Weight Initialization for Deep Networks

when we set the var(w) to 2/n it will reduce the value of W as n increases, so it will prevent the algorithm from exploding (and not vanishing! ). so what is the strategy to prevent vanishing the gradients? it seems that vanishing is not as big of a deal as exploding. is it true?
Thanks in advance

The point of keeping the magnitudes of the initial values of the weights small is that you avoid the possibility of saturating the activation functions like tanh and sigmoid that have curves that flatten out away from the origin. The flattening causes both vanishing gradients or in the worst case NaN values for the cost if you get unlucky enough that sigmoid rounds to exactly 1. From a pure math point of view, the output is never exactly 0 or 1, but in the limited world of floating point numbers you don’t have to go very far in order to round to 1 on the positive side. I think sigmoid(z) == 1 for z > 35 or so.

1 Like

Thank you Paulinpaloalto for your explanation. What if we use Relu as activation function for hidden layars? so in the case of Relu it seems that setting var(w) to 2/n is just preventing the gradients from exploding.
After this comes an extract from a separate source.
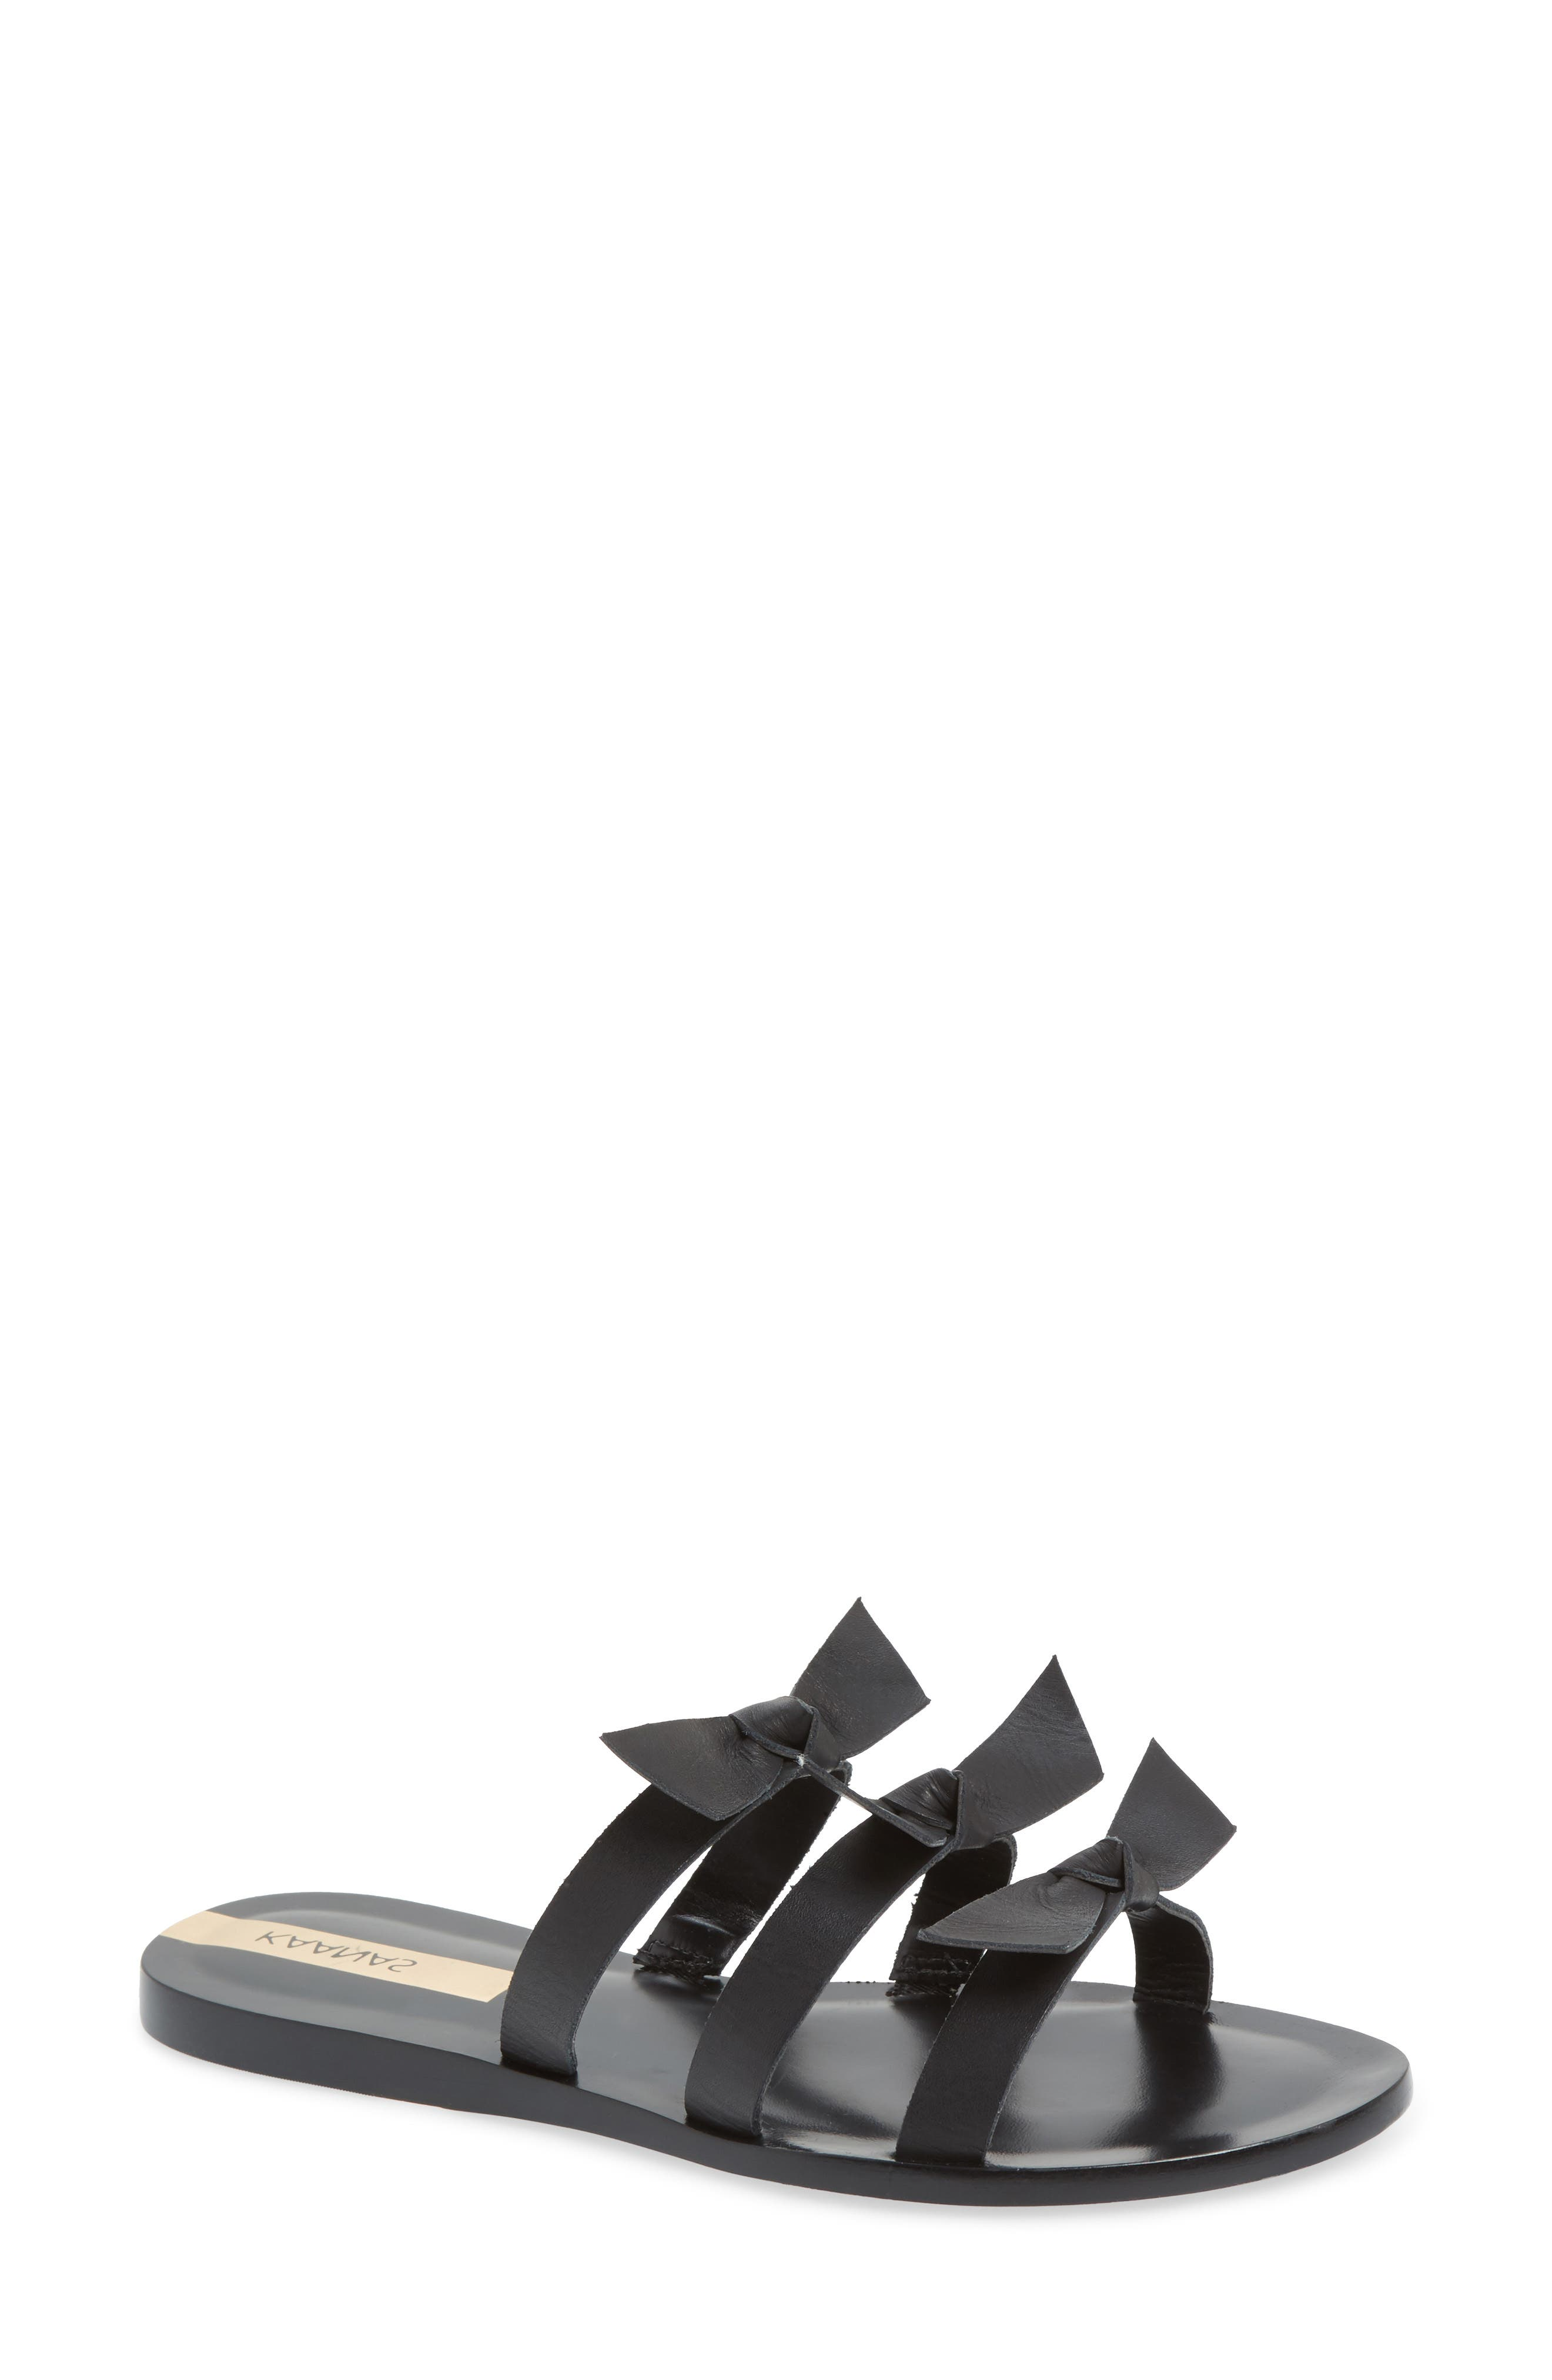 Recife Knotted Slide Sandal,                             Main thumbnail 1, color,                             Black

Well, with ReLU the gradient is either 0 or 1, right? So you’re more likely to have vanishing gradients at the hidden layers and “dead neurons” at least in the hidden layers. But remember that you’ve still got the output layer to worry about and that will either be sigmoid (for binary classifiers) or softmax (for the multi-class case) and you still have to worry about vanishing gradients there. That’s why it helps to start with relatively small weight values at all layers: if the W values are larger, then the ReLU outputs that don’t get zapped to zero can be large. Large inputs to sigmoid can trigger either saturation or vanishing gradients because of the way the curve flattens out for large absolute values of the inputs.

1 Like

You’re right the gradient of ReLU with respect to Z is 0 or 1, but when we are doing backprop we have dz[l] = W[l+1]T * dz[l+1]*(dA[l]/dz[l]) where l is the number of layar. so it seems that the value of W is affecting the gradient and high values of W may cause the exploding gradients kind of problem for which we set var(w) = 2/n. As you mentioned when the gradient is 0 we have the vanishing problem but what is the strategy to prevent this? I mean the He or Xavier initialization is not helping the vanishing problem for hidden layers in case we have ReLU activation functions.

If you have problems with too many dead neurons when you use ReLU in the hidden layers, then the next thing to try is Leaky ReLU instead. It’s almost as cheap to compute and does not zero the negative inputs.


yeah, it’s a good idea it sounds helpful. thanks for your explanation.